Agentic Protocols: Production-Inspired Evaluation System

A systems-level evaluation framework for comparing how different agent communication protocols behave under real-world constraints: latency, failures, coordination overhead, and observability.

Goal: Answer the question: When should you use Tool-based agents (MCP) vs. Multi-agent communication (A2A)?


🎯 The Problem

Agent systems are often evaluated on "happy path" scenarios.
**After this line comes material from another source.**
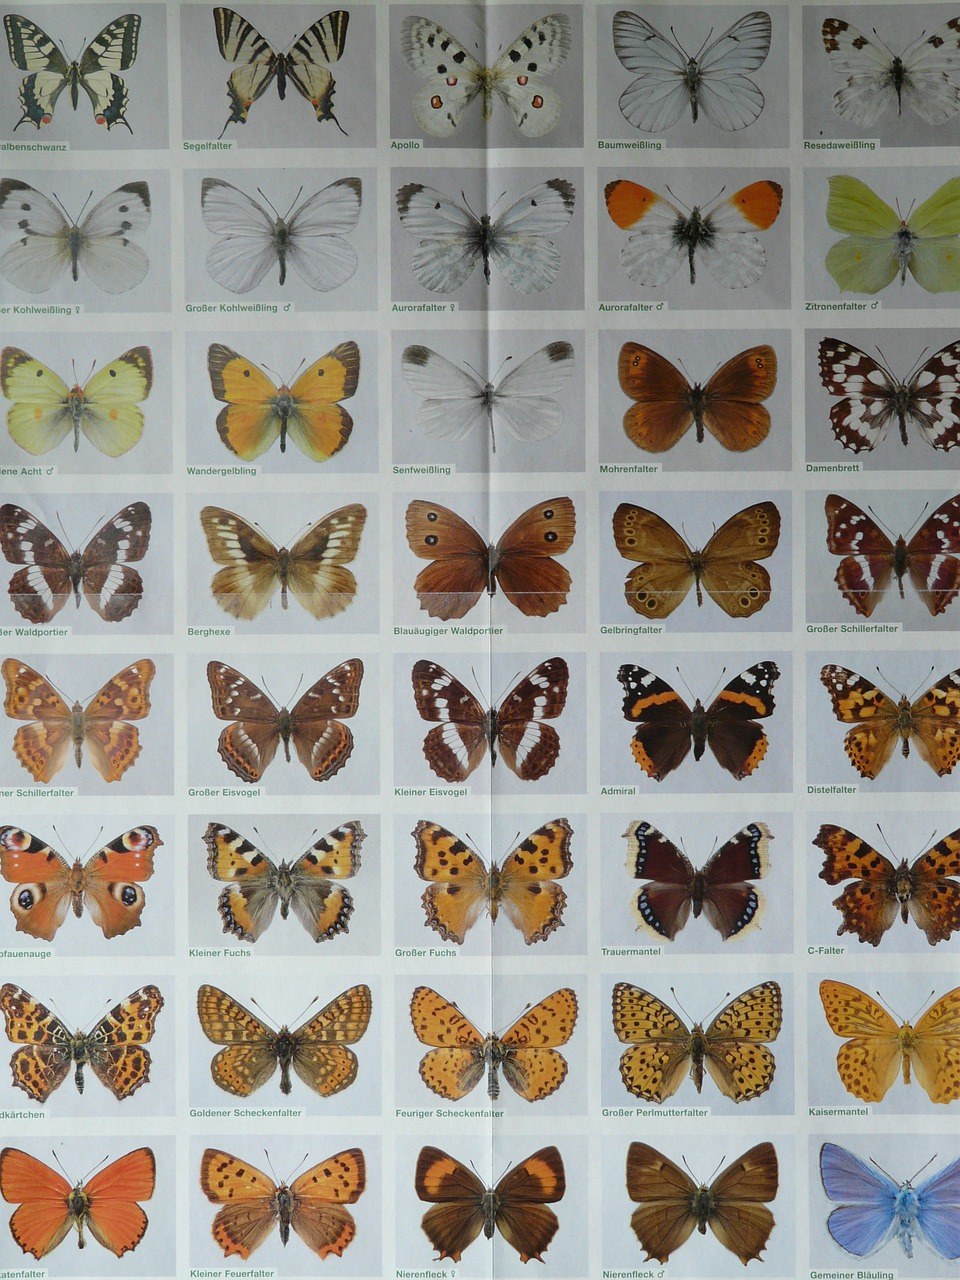 蝴蝶名称和相对应图片图片

In production:

  • Tools timeout
  • Agents crash
  • Failures cascade
  • Coordination becomes complex
  • Debugging is hard

This project deliberately injects failures to compare how different protocols handle real-world friction.


🔬 What We're Comparing

Model Context Protocol (MCP) - Tool-Oriented

  • Agent executes structured tool calls
  • Deterministic, schema-validated
  • Strength: Control, predictability
  • Weakness: Limited flexibility

Agent-to-Agent (A2A) - Multi-Agent

  • Agents communicate with each other
  • Task decomposition across multiple agents
  • Strength: Flexibility, scalability
  • Weakness: Coordination complexity, harder to debug

Hybrid

  • Agents use tools + communicate with peers
  • Best of both worlds (or worst?)

📊 Three Test Scenarios

Scenario 1: Tool-Oriented Execution (MCP Strength)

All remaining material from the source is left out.